Conclusion: WTI as we write this is at US$13.95/b for the June contract. To put that into perspective that compares to the June Brent contract at US$19.80/b and the forward July WTI value of US$20.46/b. The numbers are changing so fast it is hard to keep track of the various contracts. The farther you go out the higher the contango value. Into 2021, you can see WTI prices over US$30/b. We expect to see negative pricing for the June contract before expiry as there will be less storage by mid-May and this will drive crude prices lower again. The current price recovery won’t last. Our target is for crude to fall into late May or late June before reduced supply and reduced demand balance out.

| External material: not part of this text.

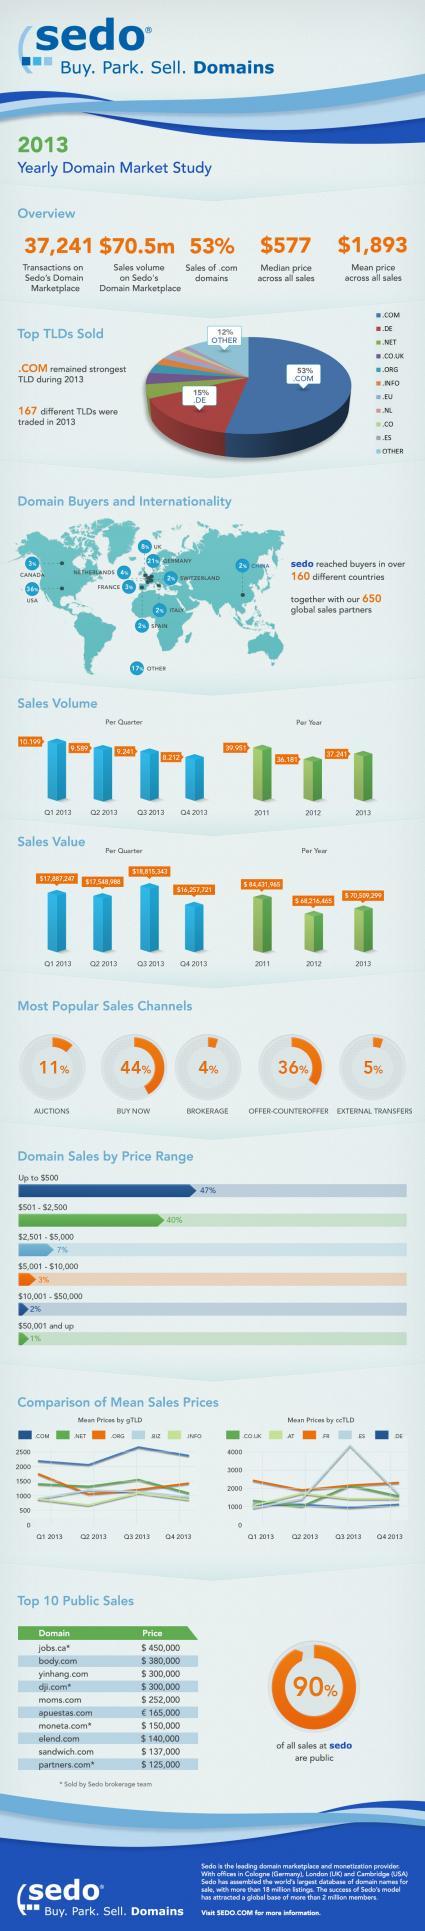 "Sedos Infografik zum Domainhandel in 2013 / Bild: ""obs/Sedo GmbH/Sedo.com"""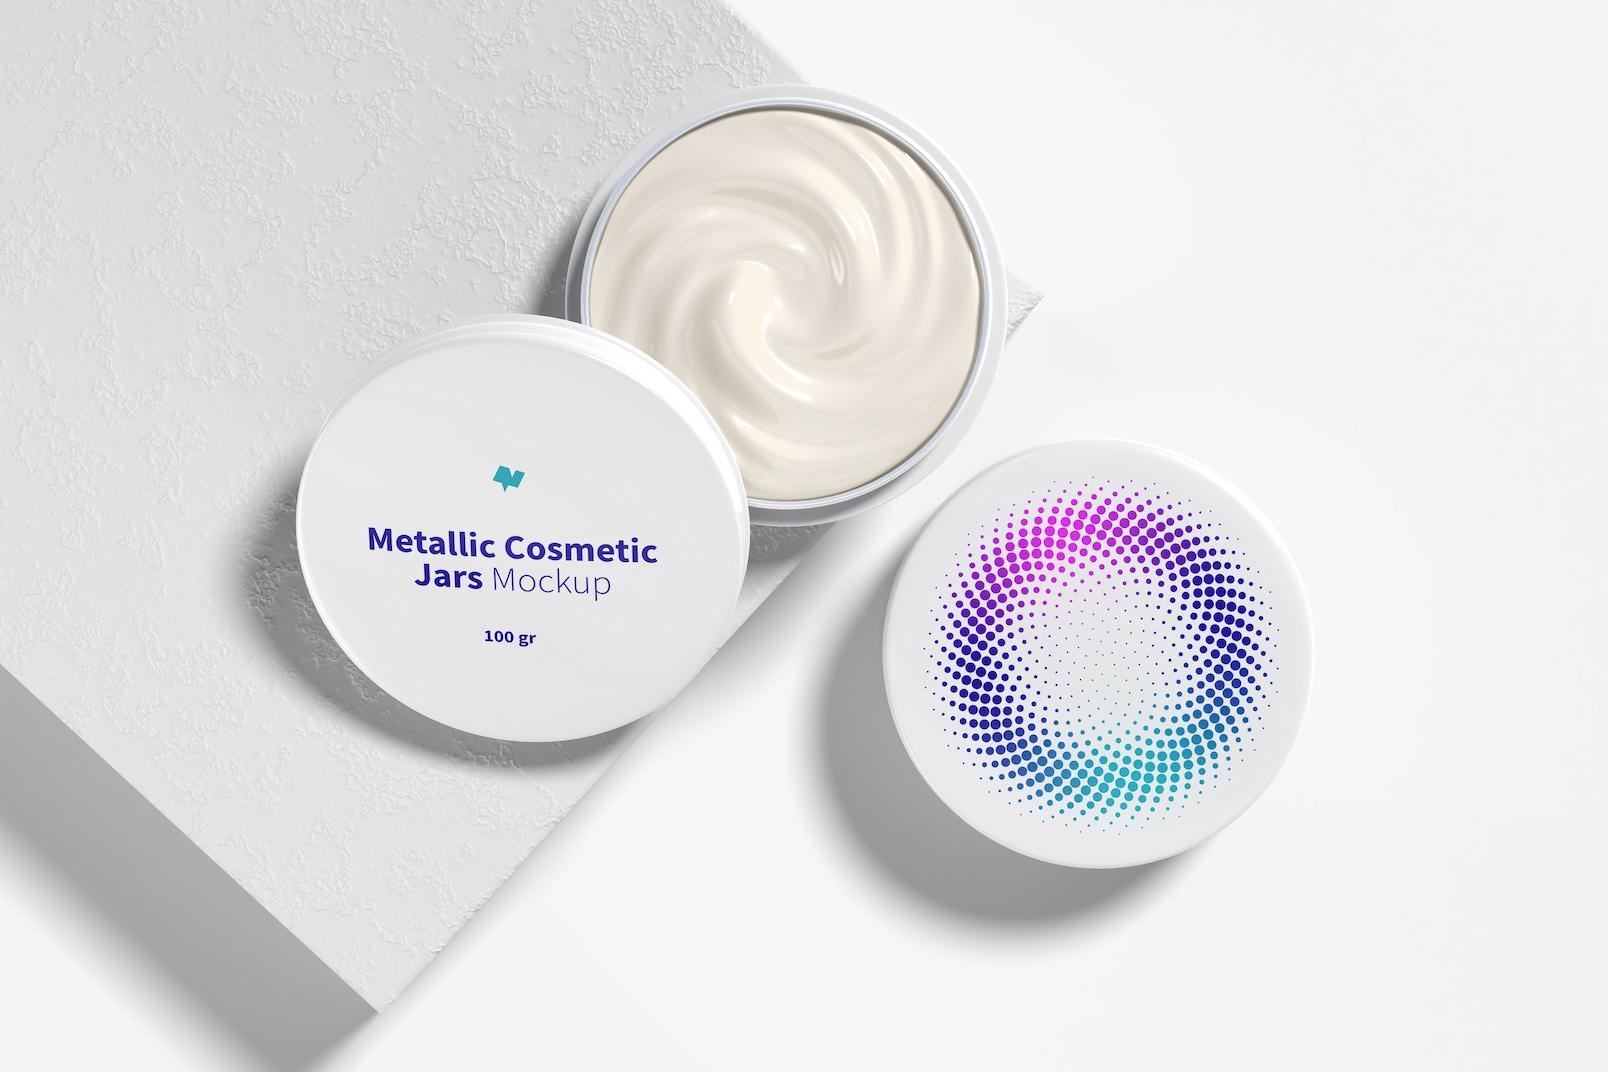 100 g Metallic Cosmetic Jars Mockup, Opened and Closed

The S&P/TSX Energy index now at 64 should fall to the 32-36 level in the coming weeks before we see a final bottom. The recent bear market short covering rally over the last five weeks of 75% is now spent at the high of 71 and we see it falling over the coming weeks by nearly 50%. The short covering rally that took the S&P Energy Bullish Percent Index from 0% on March 9th to 92% last week is rolling over and is now at 67%. We expect to see it fall below 5% again, as the overall stock markets plunge.
We got a BUY signal from the Energy Bullish Percent Index on March 13th and added eight new ideas to our Action Alert BUY list. These stocks have done quite well on the recent rally. We expect to see another below 5% BUY signal in the coming weeks as crude falls and the Dow Jones Industrials Index plunges below 18,000 (now 23,540). The overall stock market plunge will be likely due to poor Q1/20 earnings, negative outlooks by companies, and the too slow arrival of stimulus funds. This is likely to weigh on stock markets. The longer the delay in getting adequate testing kits and the longer the delay in reopening the economy, the lower the markets may go. The US States want to start extensive testing and tracing and need test kits which are not readily available. If we are to see a reopening of Canada and the US we will need to be able to do significant testing and require quarantining of those infected. A slow phased reopening of both economies is the best potential outcome. For us in Canada that means July or August for the first phases. We are a long way away from going to movies and sporting events.